Paperbaum is a decentralized academic paper publishing and verification system built on a custom Substrate-based parachain. It addresses issues of authorship verification, restricted access, and inefficient paper linking in academic publishing.
Link to the slides: here
- Substrate Parachain: Custom runtime for paper metadata storage in a merkle tree and verification.
- IPFS Integration: Decentralized storage for full paper content.
- Vector Similarity Engine: NLP-based system for semantic paper linking.
The core of Paperbaum is built on a custom Substrate parachain, providing a robust and flexible foundation for academic paper management and verification.
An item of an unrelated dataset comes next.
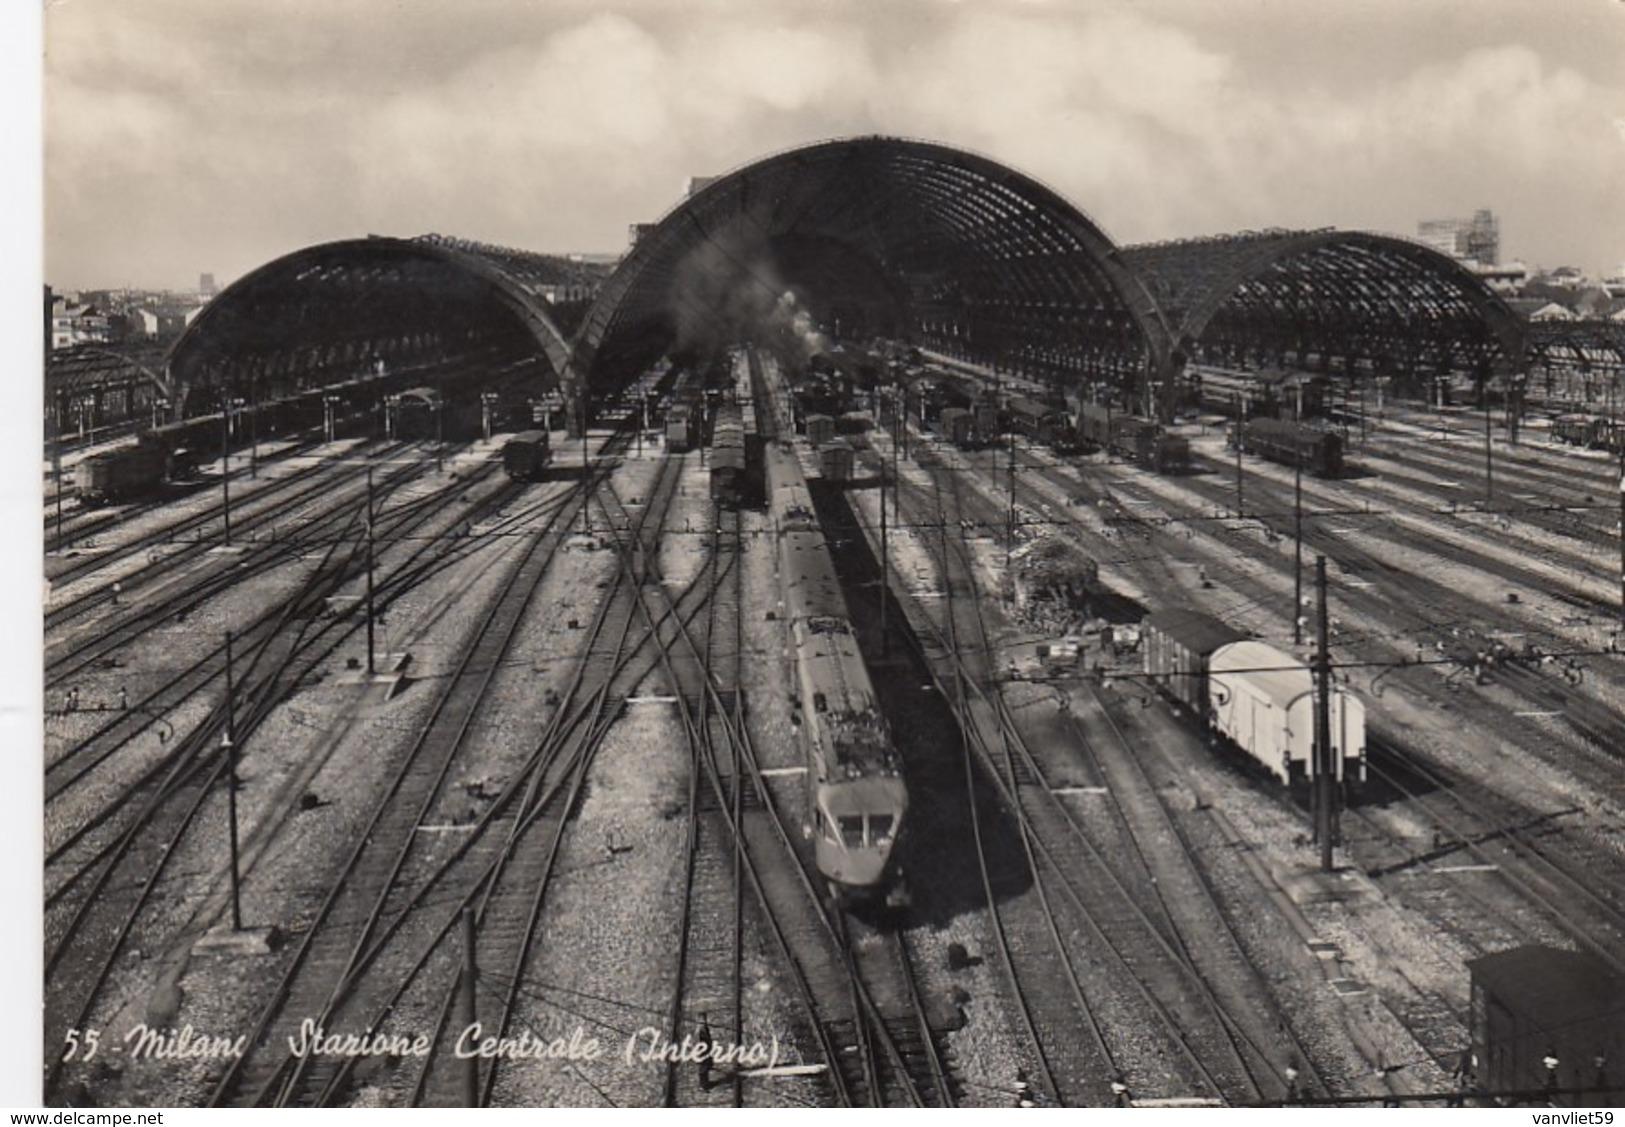 MILANO-STAZIONE CENTRALE(INTERNO)- TRENO IN PARTENZA-CARTOLINA VERA FOTOGRAFIA-VIAGGIATA IL 1-10-1953 - Milano

The custom pallet uses a Merkle tree to natively link papers together. This pallet provides functionality for:
- Managing a Merkle tree of paper hashes
- Verifying Merkle proofs
- Storing and retrieving paper metadata
- Enforcing size limits on various paper attributes
Paperbaum leverages the InterPlanetary File System (IPFS) for decentralized storage of full paper content. This integration ensures that papers are stored in a distributed, content-addressed manner, enhancing accessibility and permanence.
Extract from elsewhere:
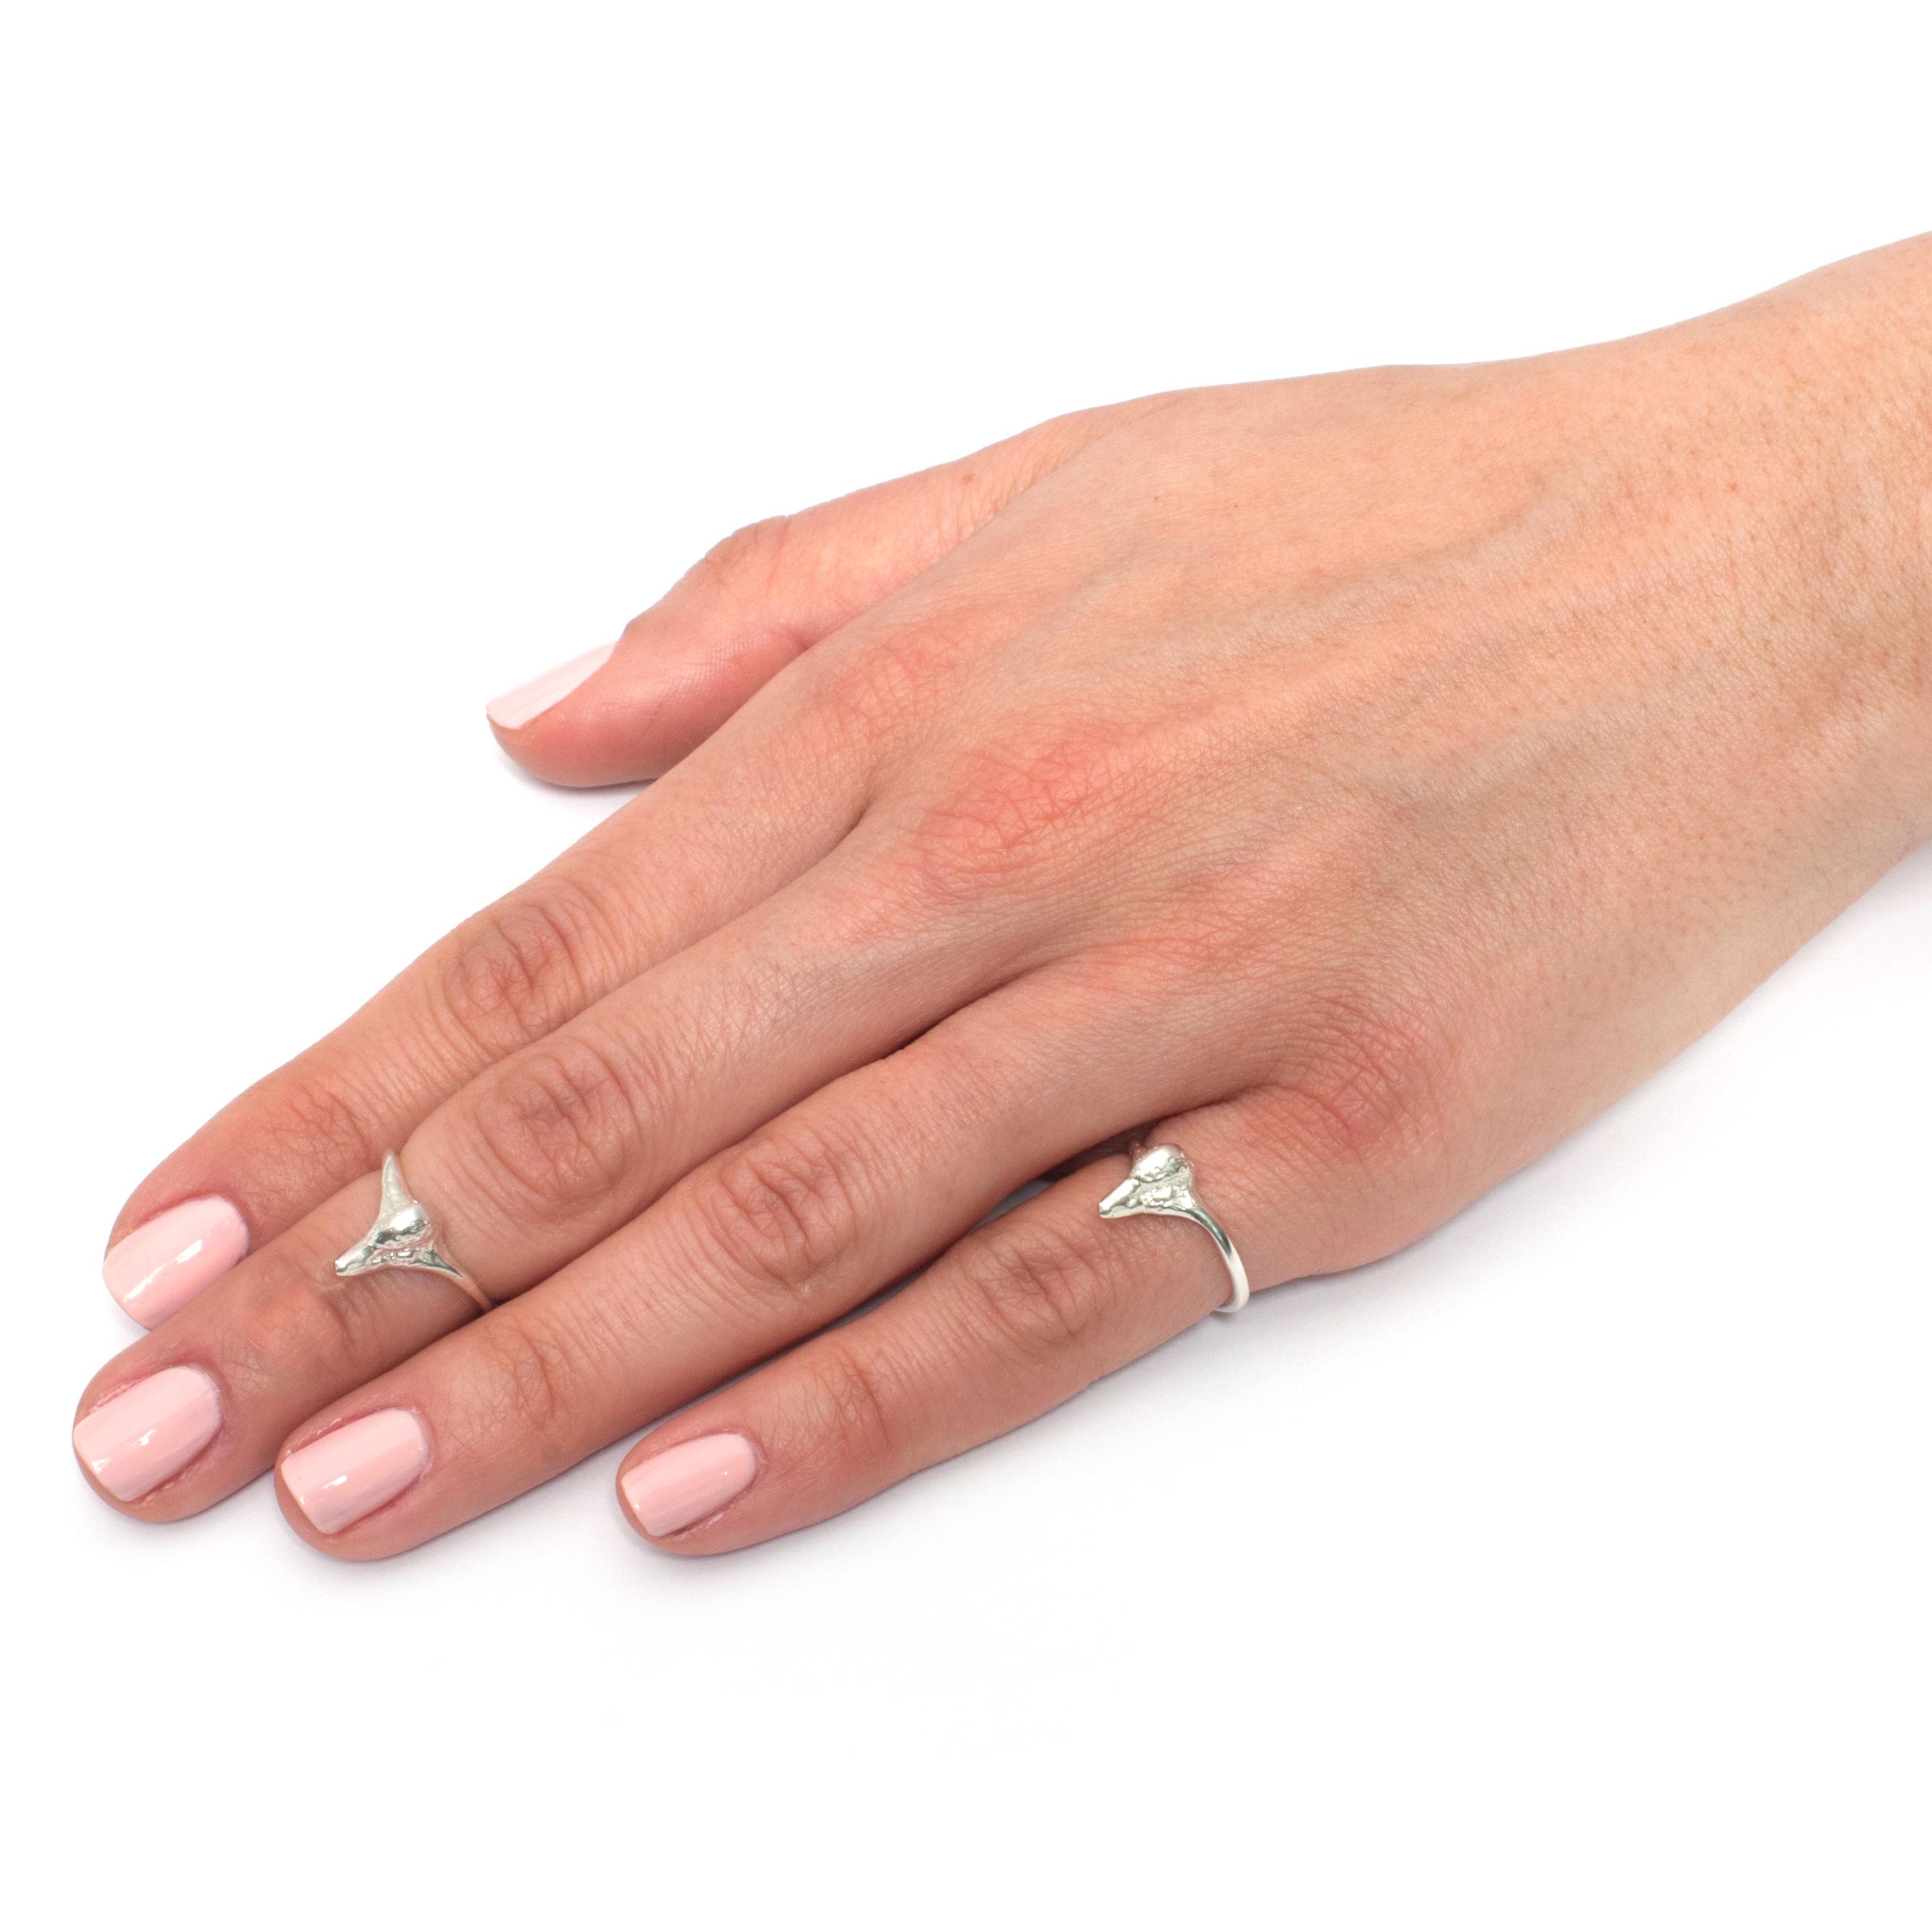 Ring Sizes Uk For Pinky Finger

Paperbaum implements a vector similarity engine for semantic paper linking. This system uses OpenAI's text embedding model to generate vector representations of papers, enabling efficient similarity searches. The generateEmbedding
function creates a vector representation of text, while cosineSimilarity computes the similarity between two vectors.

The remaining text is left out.